Given material:
####################

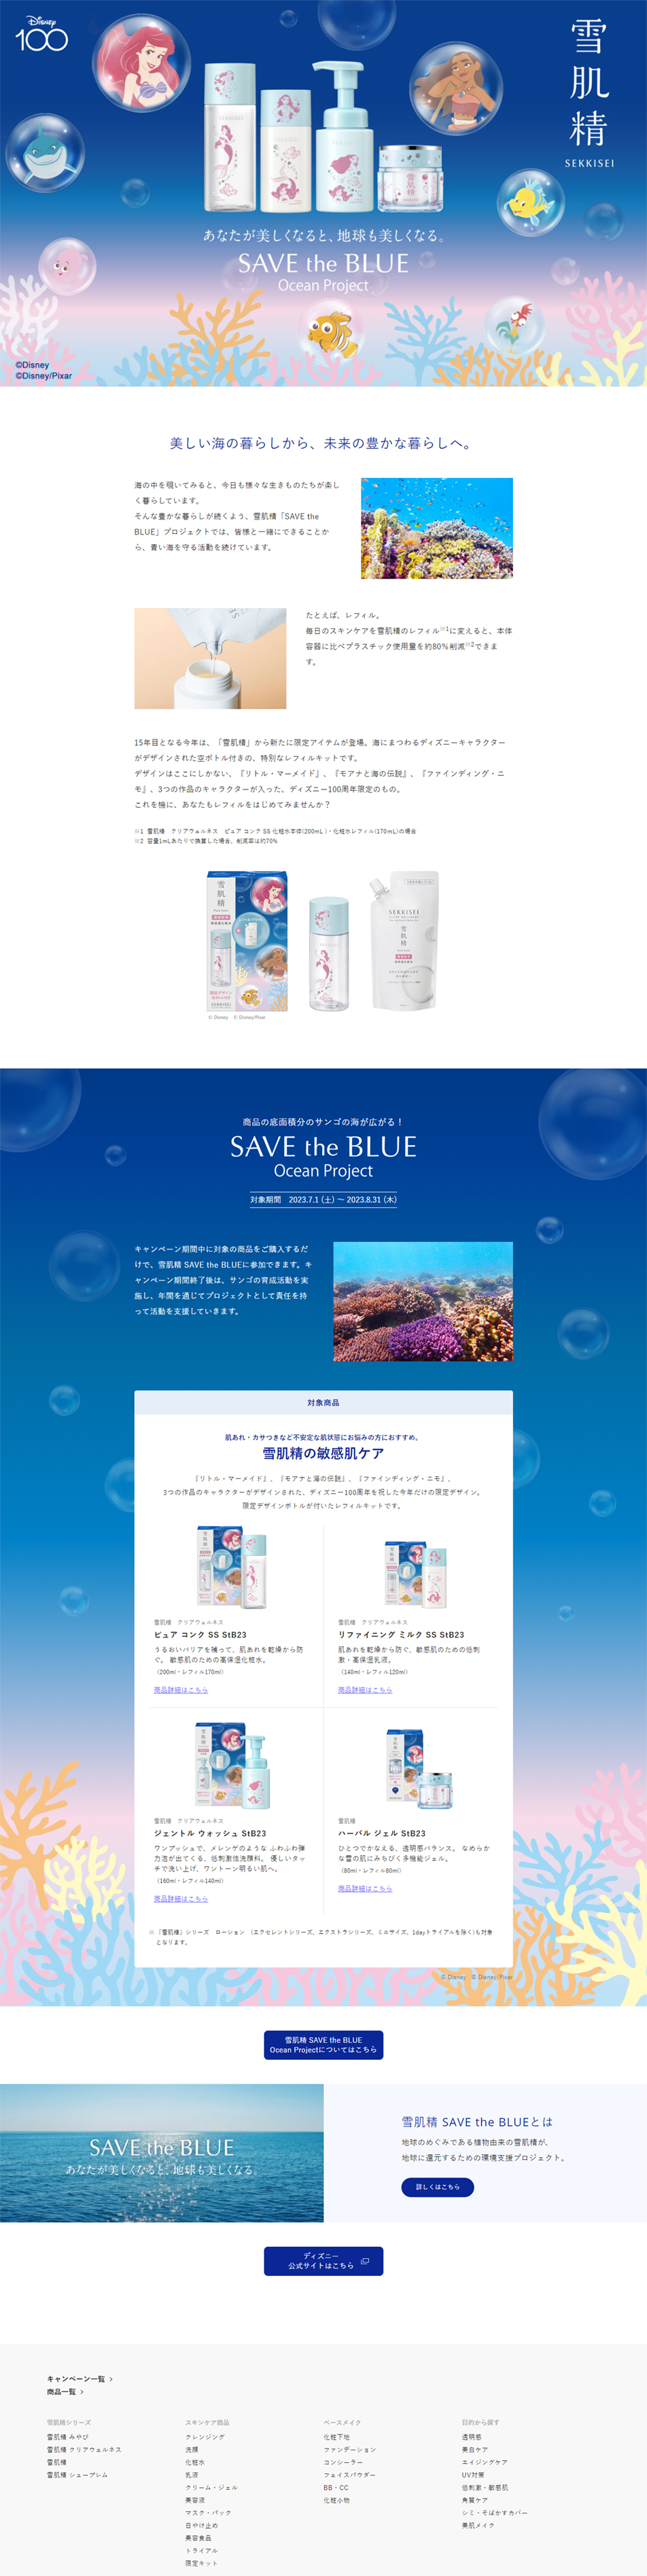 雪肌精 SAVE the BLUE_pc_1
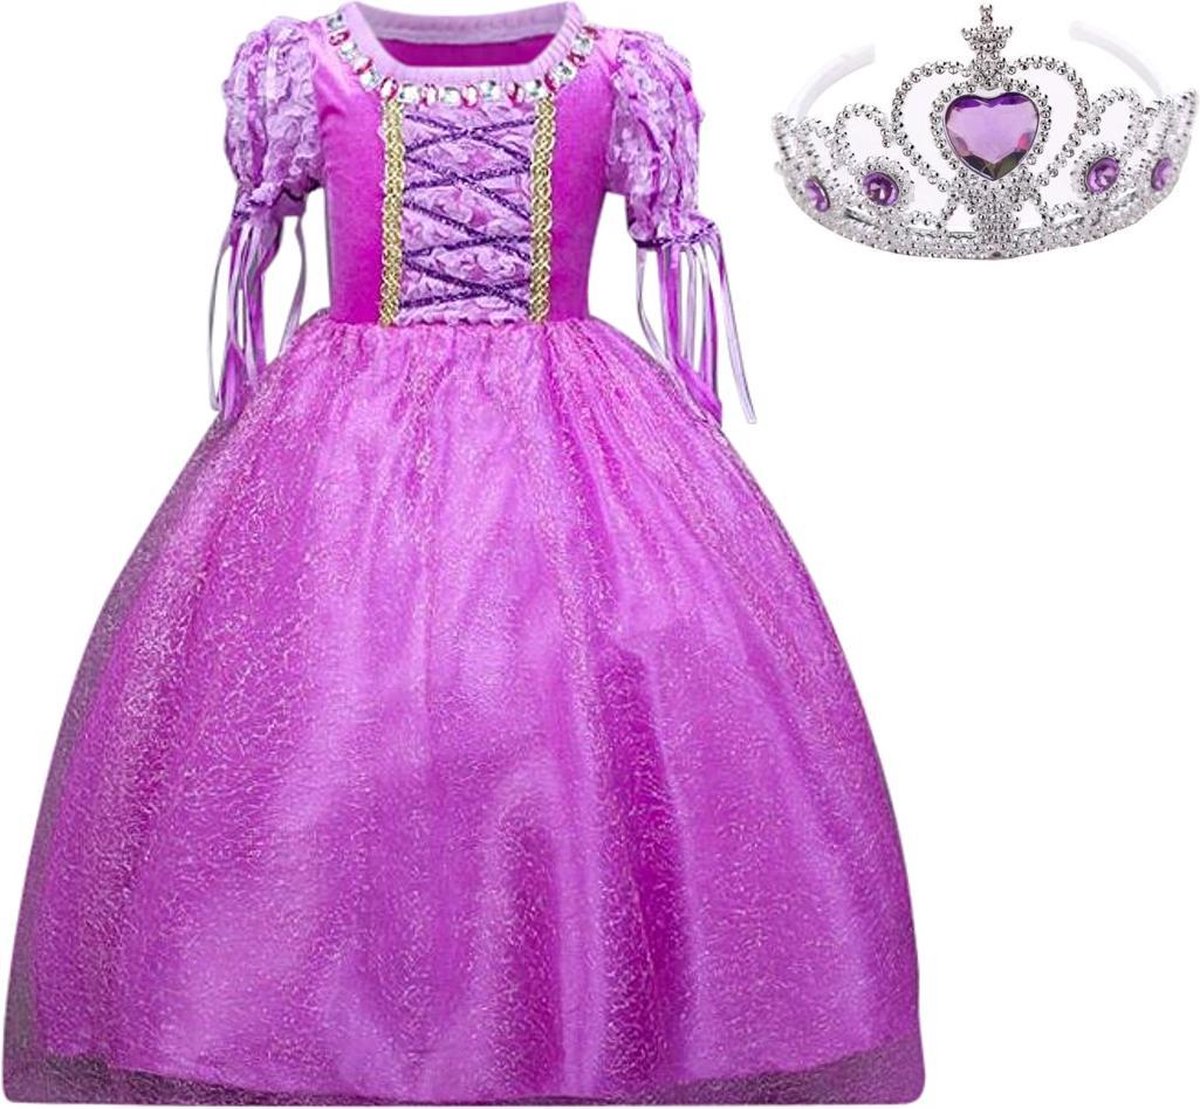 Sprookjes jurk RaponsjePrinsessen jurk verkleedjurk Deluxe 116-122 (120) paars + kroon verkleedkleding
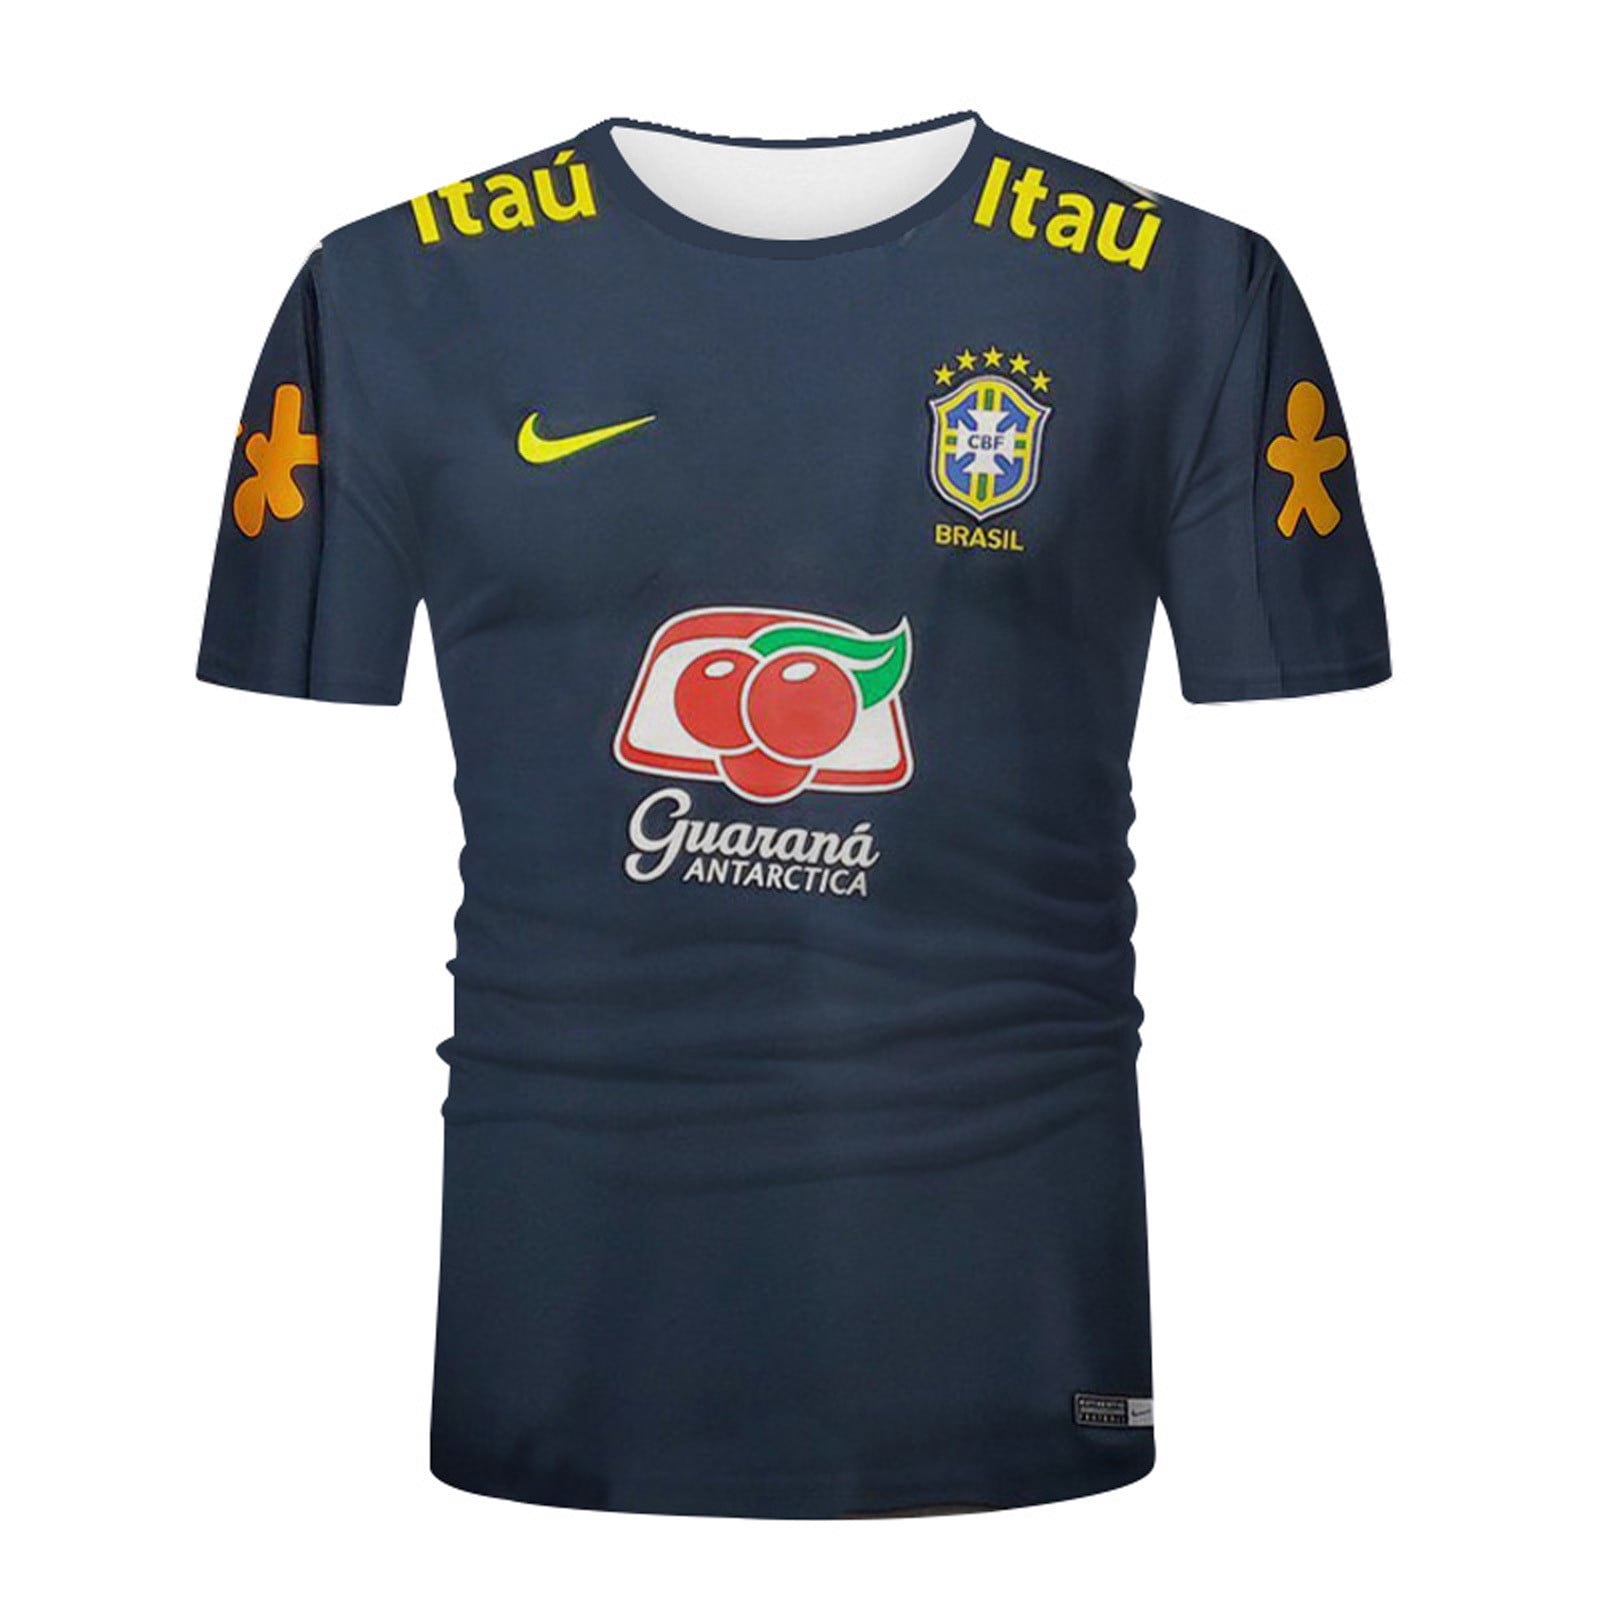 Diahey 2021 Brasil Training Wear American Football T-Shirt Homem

####################

Activity: Drop the pictures and set down the data above exactly.

Answer to this task:
 雪肌精 SAVE the BLUE_pc_1
 Sprookjes jurk RaponsjePrinsessen jurk verkleedjurk Deluxe 116-122 (120) paars + kroon verkleedkleding
 Diahey 2021 Brasil Training Wear American Football T-Shirt Homem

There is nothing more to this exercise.